Lois, I don't have a boy maltese but I do have a small breed boy (poodle mix) so I will share my opinion from that perspective  BOTH my boy and my girl are very, very sweet and cuddly. I think it's more about the individual dog's personality than the gender, honestly - at least in my experience. Both my dogs have very similar personalities except that my Bailey is a little more outgoing outside of the house whereas Emma tends to be more reserved. Both are very attached to me (and the feeling is mutual!) and to each other.


----------



## Chardy (Oct 30, 2008)

Hi Lois, I have both a male and a female maltese that are 8 months difference in age. My female being the older. Both are extremely loving and sweet. McC (female) is much more outgoing where as Bimmer is more reserved and shy but both are attached to me and visa versa. My previous maltese of 15 years was a female, and being really honest I see no difference in male vs female.. they are all very very affectionate!!


----------



## MarySC (Apr 4, 2014)

I think it's just personal preference. I prefer the females. I have crazy ridiculous reasons for only getting female dogs, but I'm quirky, what can I say?? LOL 
We have a female Aussie and if she was anymore loving, I think we would have a problem! She is a VELCRO dog and the sweetest dog E V E R!!
I chose to get a female Maltese because of my personal preference. When I went to pick her out, there was a male there, same age, and his personality was great! Honestly, if he were a she, I would probably have chosen him. But I really like the females and her personality is awesome too! She is just a little more lively.  
Go with what you want. I know if I ended up with a boy, I would have regretted it. Girls also cost more - substantially more. I don't understand the reason behind it, but all the breeders charge more for the females - even the pet quality ones. 
I'm sure you will love whatever you end up with because he/she will be yours!


----------



## Lois Bryan (Feb 2, 2014)

Very interested in this "belly band" mentioned, you know, just in case. 

Does anyone have a preference in style or manufacturer? 

I just looked them up online and am seeing "liners" too.
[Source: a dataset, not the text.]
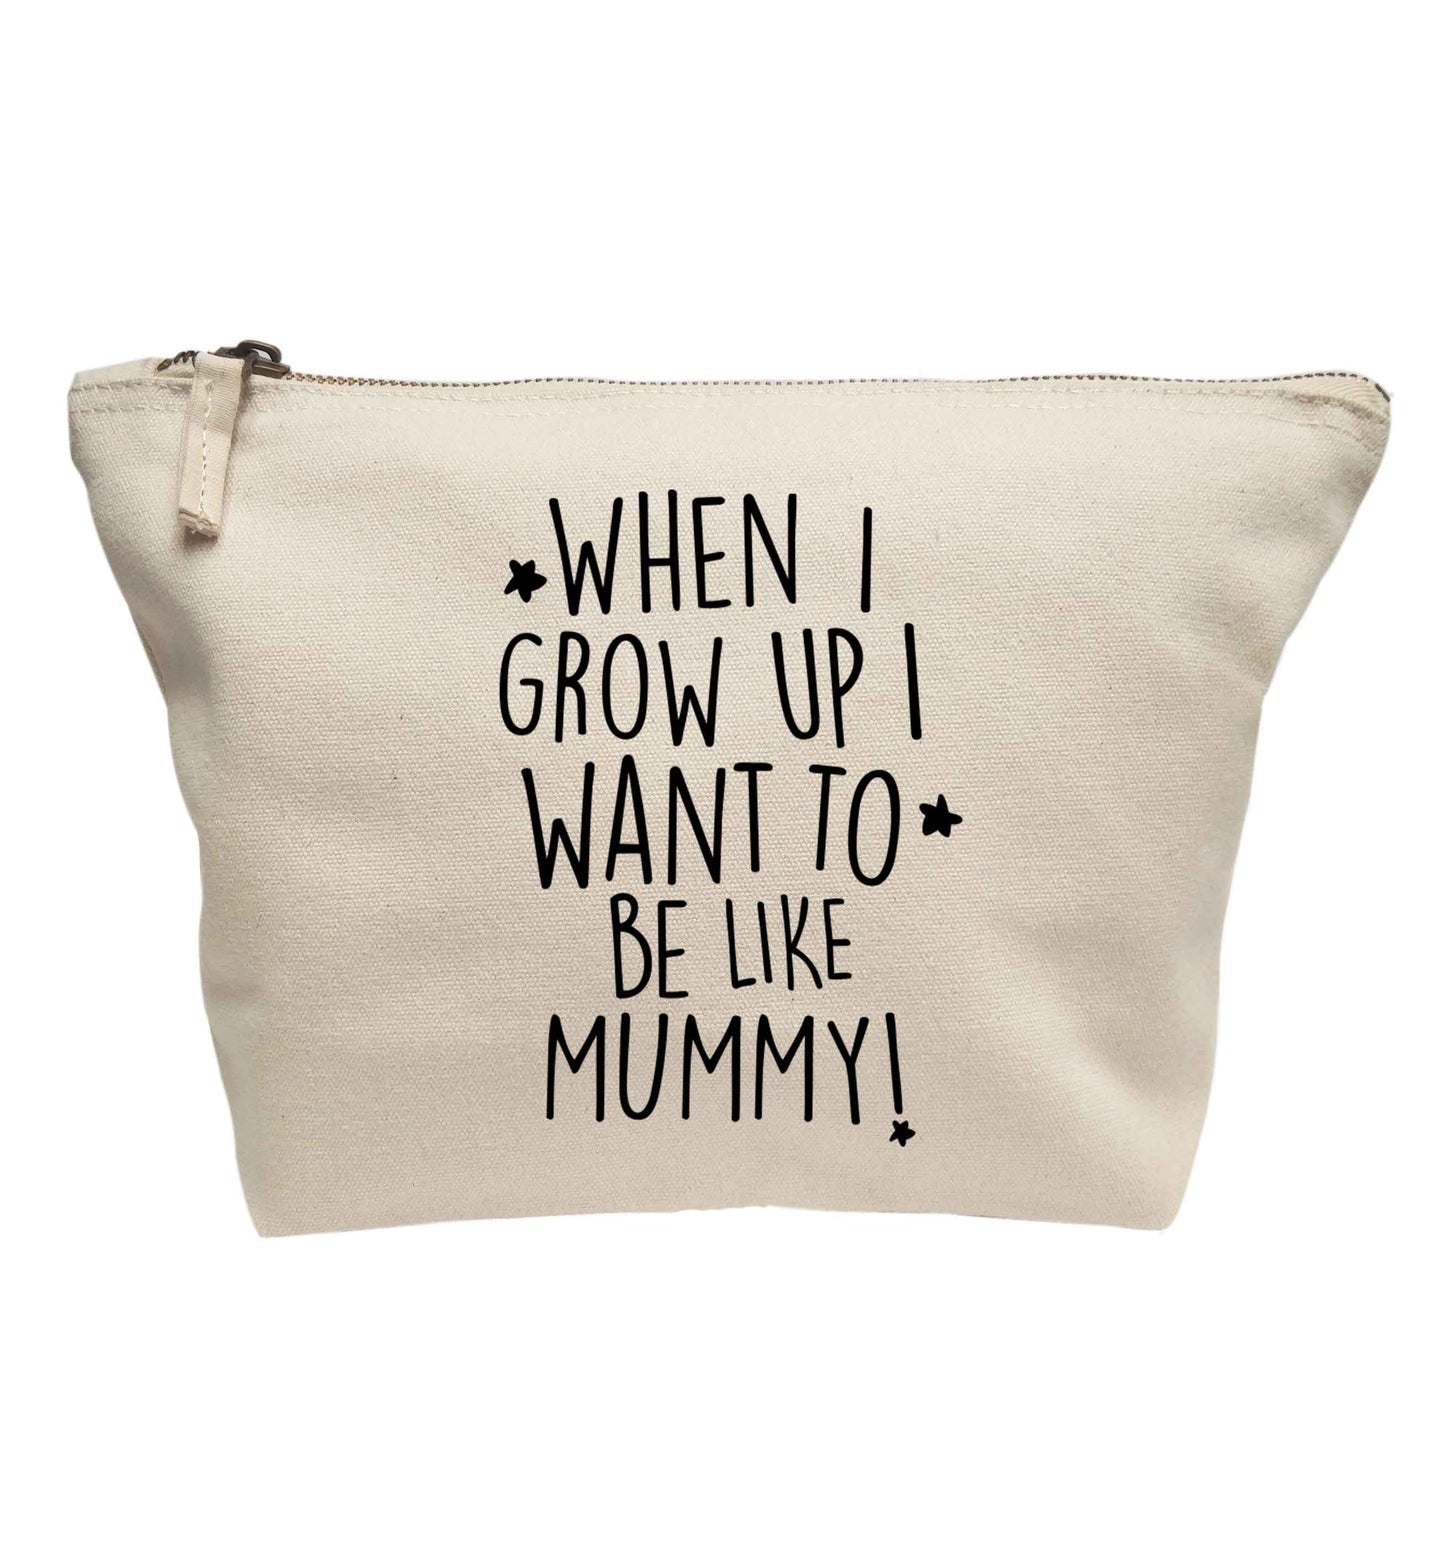 When I grow up I want to be like my mummy | Makeup / wash bag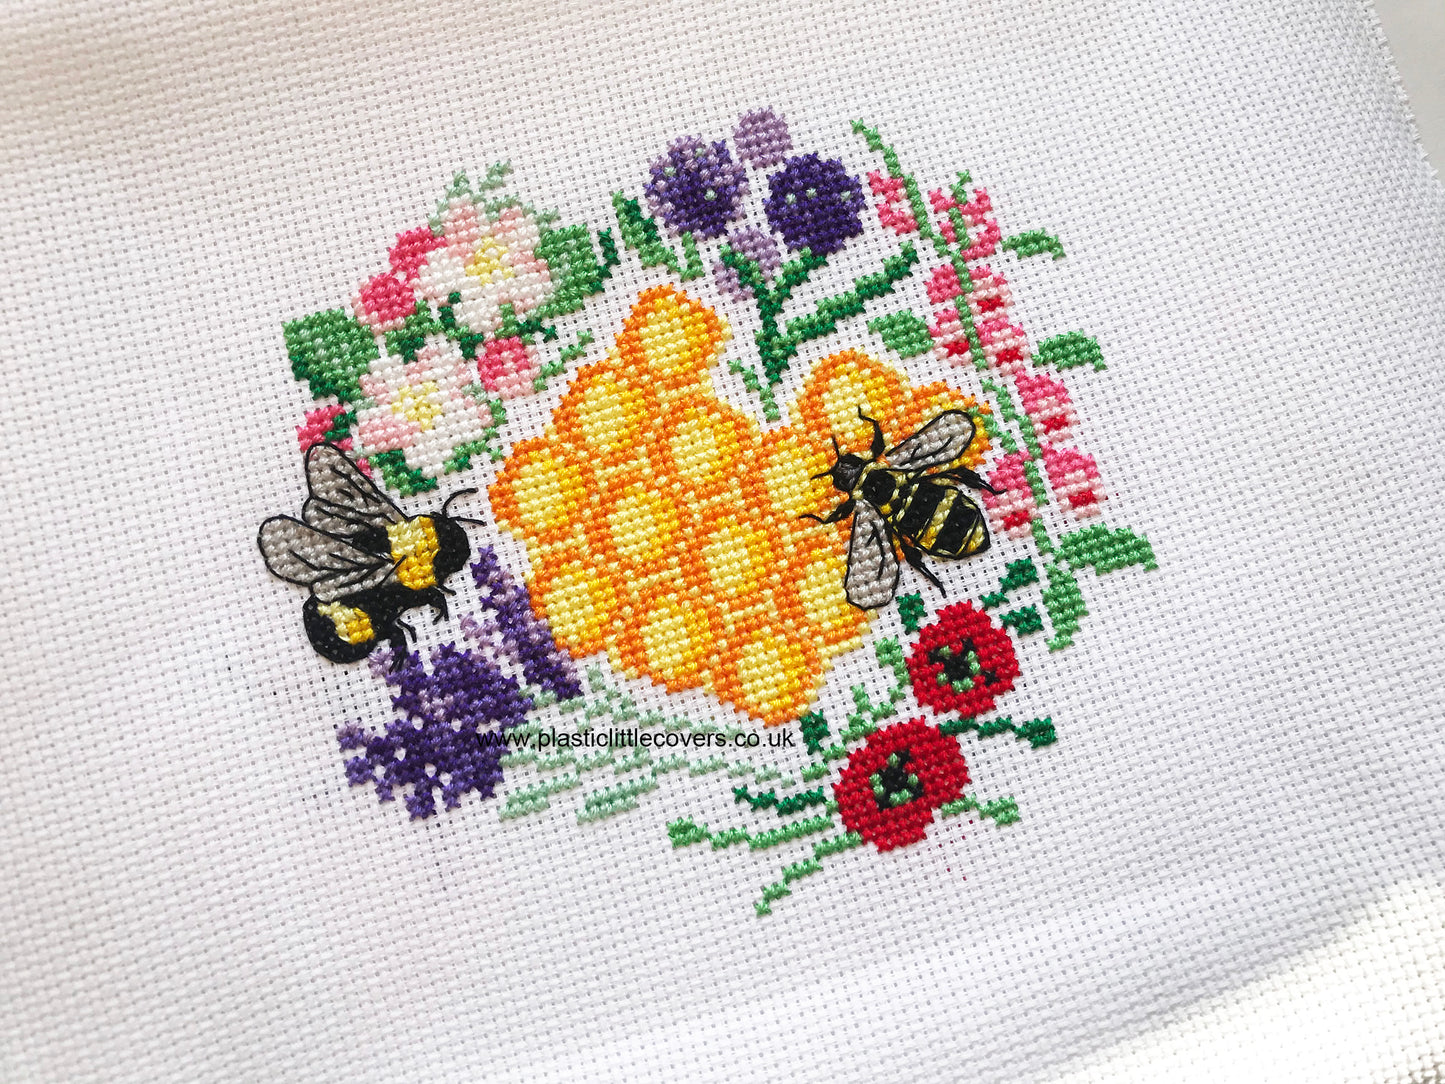 Bees and Blooms - Cross Stitch Pattern PDF.

I'm guessing the whole theory behind these is similar to what we do for incontinence in older females and for those in heat?


----------



## pippersmom (May 21, 2012)

As for the males and marking.... Pipper has never marked ( knock on wood ), he doesn't even lift his leg. My daughter has a male chihuahua and he has never marked either.


----------



## edelweiss (Apr 23, 2010)

I have one of each & they are half siblings & very different personalities. Kitzi was about 12 wks. when we got him & Lisi was 5 months. They both have plus & minus sides---but Kitzi is my heart dog. He is just plain good. Lisi is good but loud & often doesn't obey. She is hysterical & did I say LOUD? I would not trade her for anything but sometimes she really makes me crazy. It is this craziness that makes her so adorable & makes me insane at times.


----------



## Chardy (Oct 30, 2008)

Lois Bryan said:


> Very interested in this "belly band" mentioned, you know, just in case.
> 
> Does anyone have a preference in style or manufacturer?
> 
> I just looked them up online and am seeing "liners" too. I'm guessing the whole theory behind these is similar to what we do for incontinence in older females and for those in heat?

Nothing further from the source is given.